The complexing agent for copper ions is selected from compounds
conventionally employed for this purpose, including but not limited
to Rochelle salts, the sodium (mono-, di-, tri- and tetrasodium)
salts of ethylenediaminetetraacetic acid (hereinafter sometimes
referred to as "EDTA"), diethylenediaminepentaacetic acid,
nitriloacetic acid and its alkali salts, gluconic acid, gluconates,
triethanolamine, diethylaminoethanol and glucono .delta.-lactone,
as well as modified ethylenediamineacetates, e.g.,
N-hydroxyethylethylenediaminetriacetate, phosphonates, e.g.,
ethylenediaminetetra (methylene phosphonic acid) and
hexamethylenediaminetetra (methylene phosphonic acid).
Preferably, the complexing agent is of the alkanolamine type.
Examples include
N,N,N',N'-tetrakis-(2-hydroxypropyl)ethylenediamine (hereinafter
sometimes referred to as "Quadrol"), triethanolamine,
ethylenenitrilotetraethanol, nitrilotri-2-propanol,
tetrahydroxyethylenediamine and
N-hydroxyethyl-N,N'-N'(trihydroxypropyl) ethylenediamine. These are
commercially available or can be prepared by following procedures
described in the literature,
The reducing agent is selected from among, illustratively,
formaldehyde and formaldehyde precursors or derivatives, e.g.,
paraformaldehyde, trioxane, dimethylhydantoin, glyoxal, and the
like; boranes; borohydride; hydroxylamines; hydrazines and
hypophosphite.
The pH may be regulated by the use of a pH adjustor, preferably a
water soluble alkali metal or alkaline earth metal hydroxide, e.g.,
magnesium hydroxide, calcium hydroxide, potassium hydroxide, sodium
hydroxide, or the like. Among these sodium hydroxide is preferred,
chiefly for reasons of economy. During operation, the pH is
monitored and raised or lowered, as needed, by the addition of
suitable amounts of the pH adjustor.
Other ingredients can also be added. For instance, it may be
desirable to employ a minor, effective amount of a wetting agent or
agents, preferably in amounts of less than 5 grams per liter.

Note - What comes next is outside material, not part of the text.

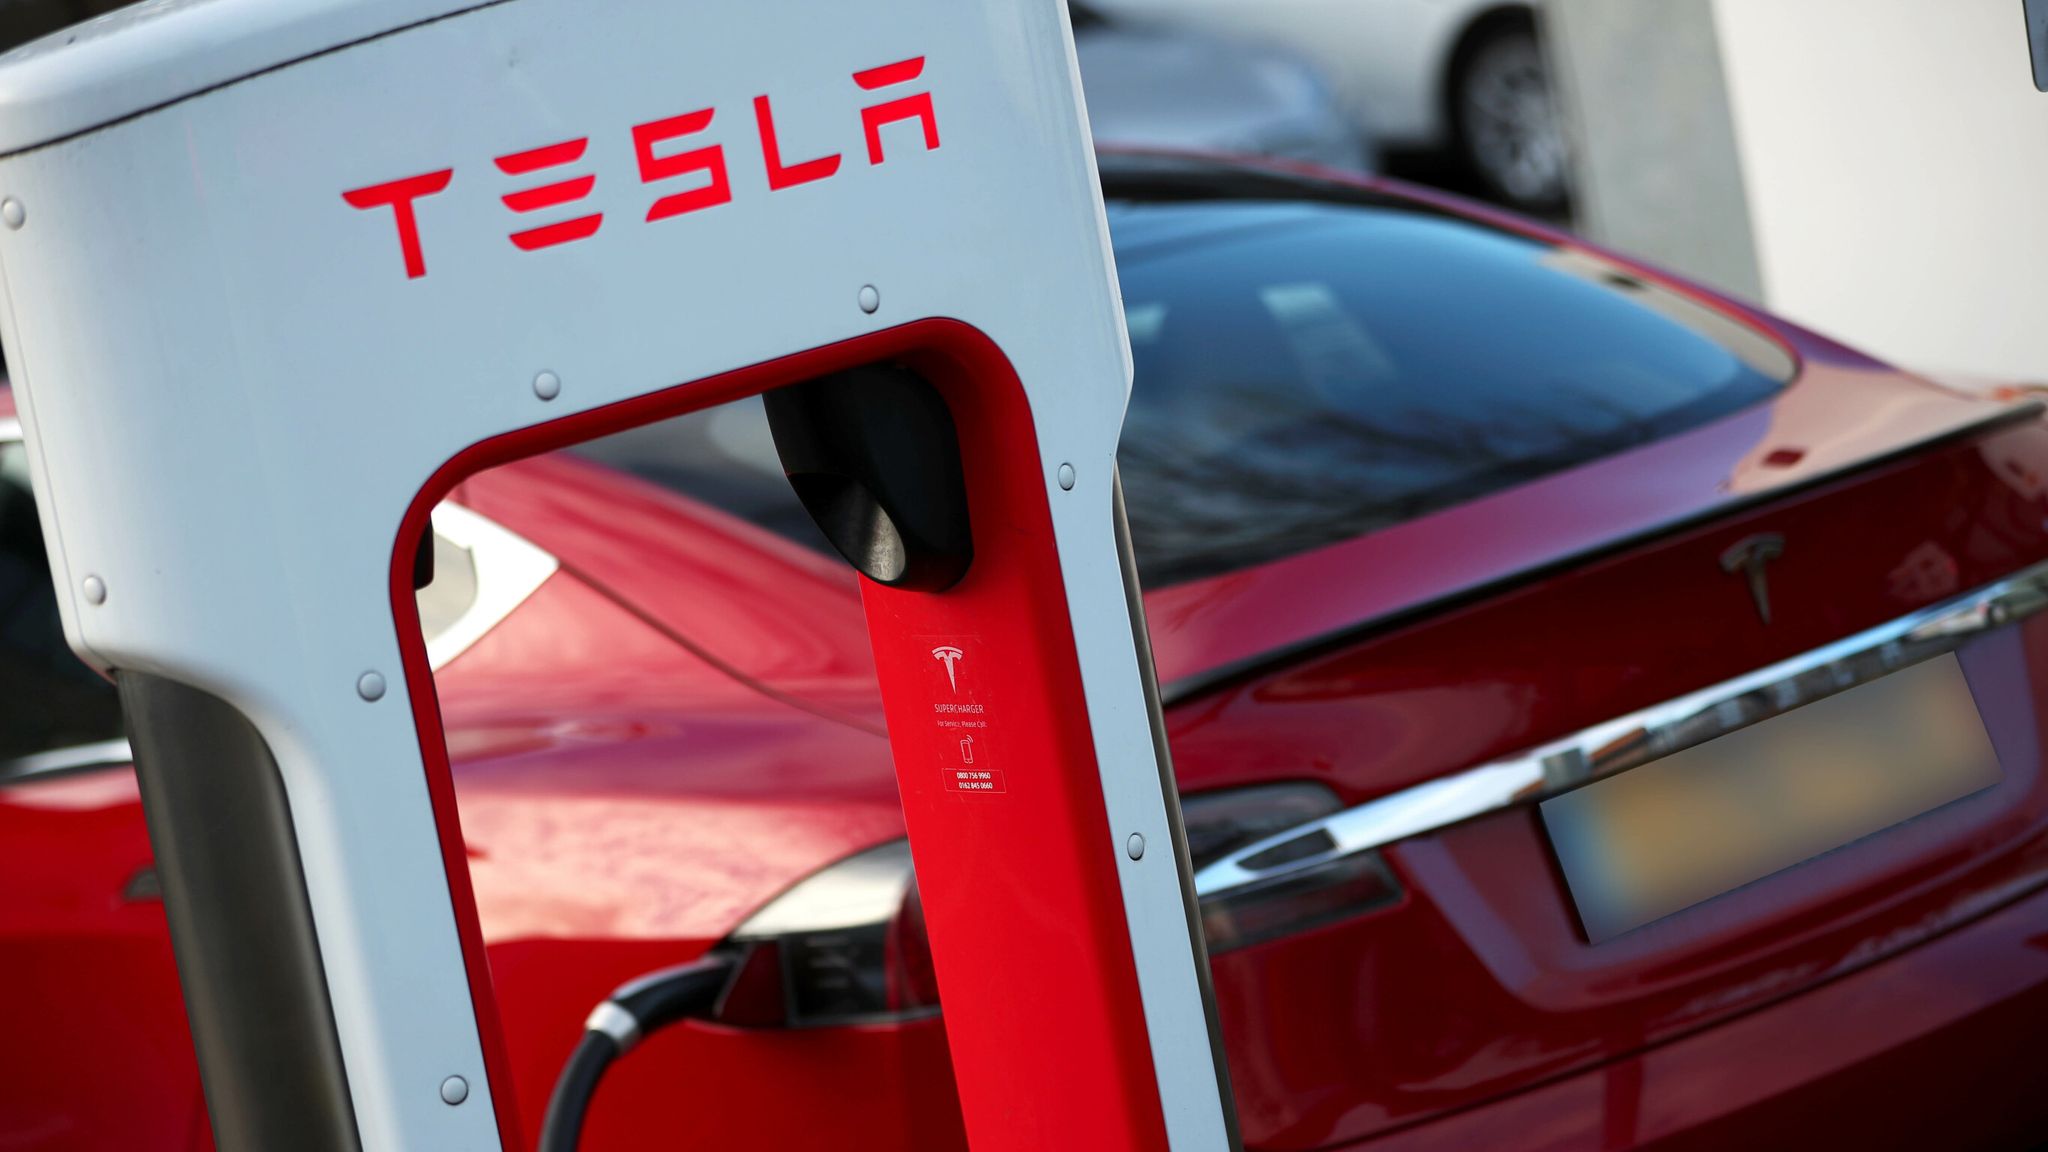 Tesla: Hundreds locked out of cars after server outage | Science &amp; Tech News | Sky News

Examples of such commercially available surfactants include
PLURONIC P85, BASF-Wyandotte Corp., a nonionic block copolymer of
ethylene oxide and propylene oxide and GAFAC RE 610, GAF Corp., an
anionic phosphate ester.
The concentrations of the various ingredients in the basic
electroless copper deposition solution for use herein are subject
to wide variation within certain ranges which may be defined as
follows:
______________________________________ Copper salt 0.002 to 1.20
mole Reducing agent 0.03 to 3 moles Cupric ion complexing 0.5 to 20
times the moles agent of copper Alkali metal hydroxide sufficient
to give a pH of 10.0 to 14.0 and preferably of 11.0 to 14.0, as
measured at room temperature Water sufficient to make 1 liter
______________________________________
When non-aqueous solvents are used instead of water, preferably
they are selected from among, for example, dimethylformamide,
dimethylsulfoxide and acetyl acetate.
More preferably, the plating baths of the present invention are
compounded within more narrow limits than set forth immediately
above, and the preferred embodiments comprise:
______________________________________ A soluble cupric salt, 0.002
to 0.4 mole preferably cupric sulfate Alkali metal hydroxide, pH
11.2 to 13.7, as preferably sodium hydroxide, measured at room to
give temperature Formaldehyde (reducing agent) 0.06 to 0.50 mole
Cupric ion complexing agent 0.002 to 2.0 mole Water sufficient to
make 1 liter ______________________________________
In practice, concentrated solutions or compositions can be
manufactured for subsequent dilution to operating compositions as
described herein.
In considering the general formula and the specific working
formulae which are set forth below, it should be understood that as
the baths are used up in plating, the cupric salt, the reducing
agent and the cupric ion complexing agent and the depolarizing
compound may be replenished from time to time.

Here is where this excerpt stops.